IMPROVED FRACTAL ANALYSIS OF FRACTURE NETWORKS

Fractals are irregular entities that show self-similarity over a wide range of scales and can be quantified by the fractal dimension, D. Fractal analysis can help in understanding the scaling characteristics of fracture networks. However, it is important that the D-values of such networks be properly evaluated. The box-counting algorithm is a popular technique for characterizing fracture networks as fractals and estimating their D values. If this analysis yields a power law distribution given by N = k r ^-D , where N is the number of boxes containing one or more fractures and r is the box size, the network is considered to be fractal.
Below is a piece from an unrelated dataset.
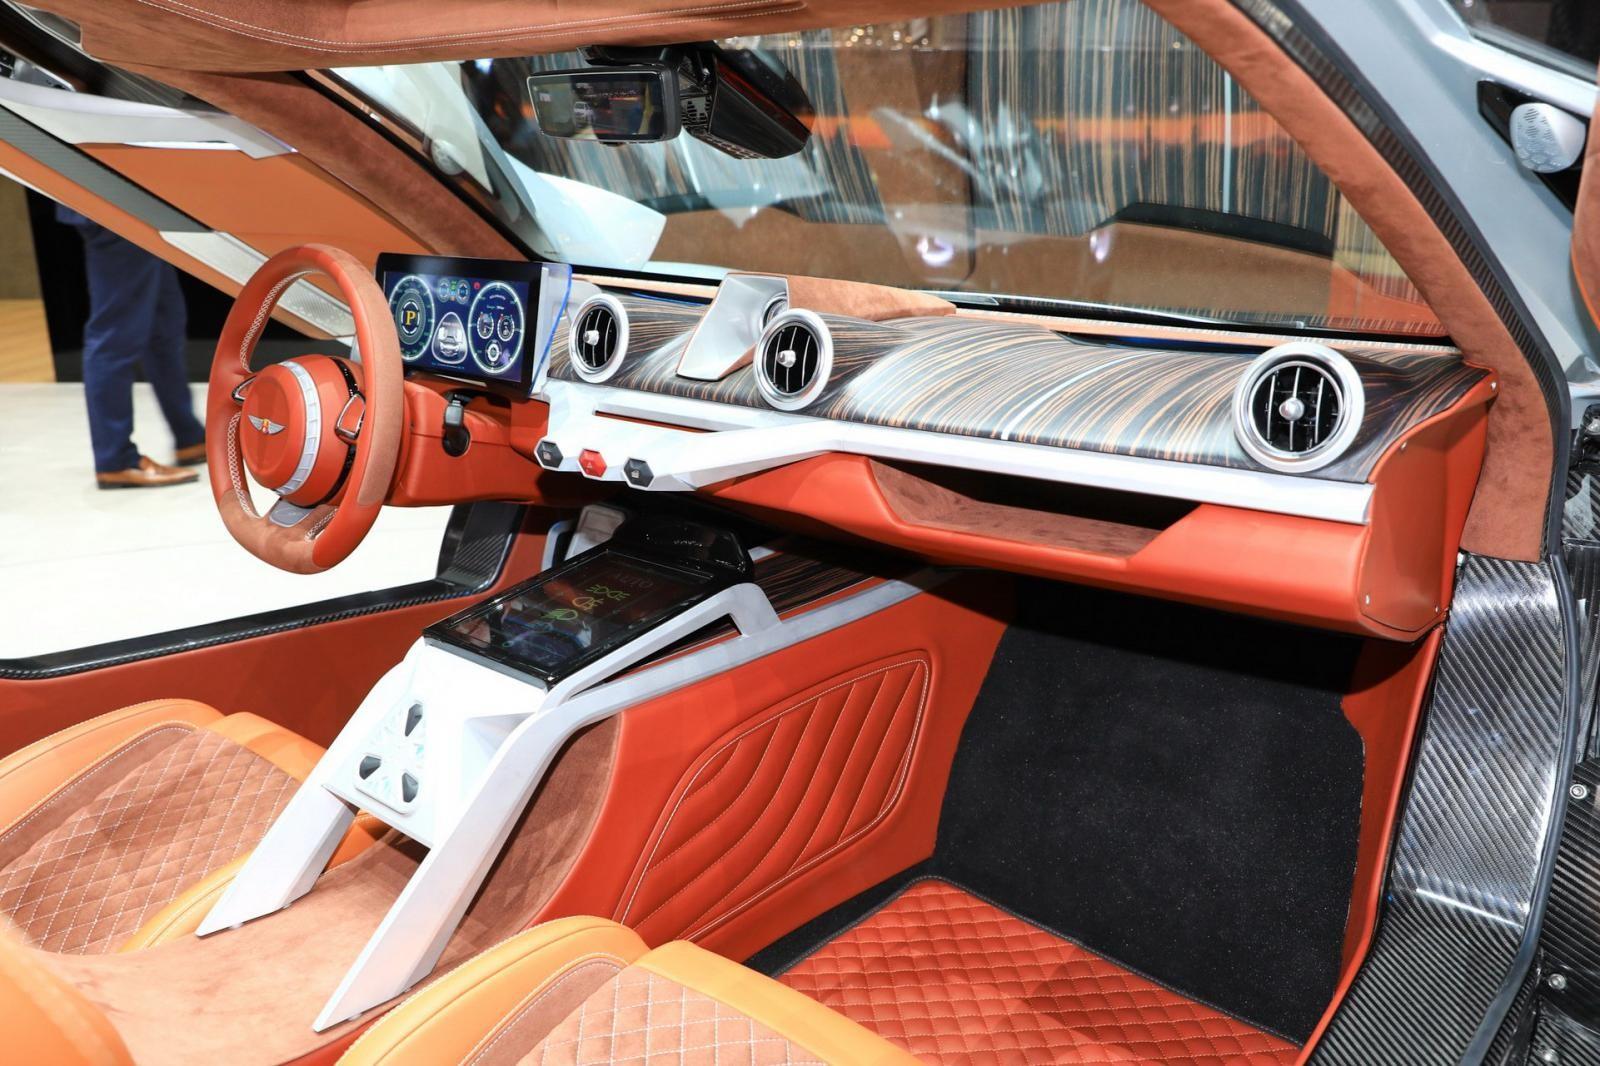 Nội thất của Hispano Suiza Carmen có sự hiện đại và áp dụng nhiều chất liệu sang trọng

However, workers have used different versions of this algorithm over the years and are divided on their opinion about issues like estimating the ‘correct' D-value or whether a fracture network is indeed fractal. For instance, a closer look at the N vs. r plots for a set of previously published fracture trace maps show that such distributions do not follow power law scaling. In the present work, a model network with a known theoretical fractal dimension, D_theory, is used to develop a method for the proper evaluation of such fracture patterns, and for computing unbiased D-values. The model is constructed using hierarchical fracture networks (iterations) made up of line segments in 2-dimensions. It is observed on the box counting curves that, if instead of the entire range of points, the ones for which r > r_min (smallest element) are only considered, the estimated D-value closely approximates D_theory. But if the points for which r < r_min are also included, the distributions are no longer power laws. Because determining the smallest fracture element can be challenging for natural patterns a method for finding a proxy value, the estimated cut-off, r_cut-off, is also devised. Using this parameter instead of the r_min also returned satisfactory values of D for the model. Unbiased fractal dimensions for a suite of fracture maps that have previously been evaluated for their fractal nature have been successfully computed using the improved method. The resulting D values will be compared with the original estimates.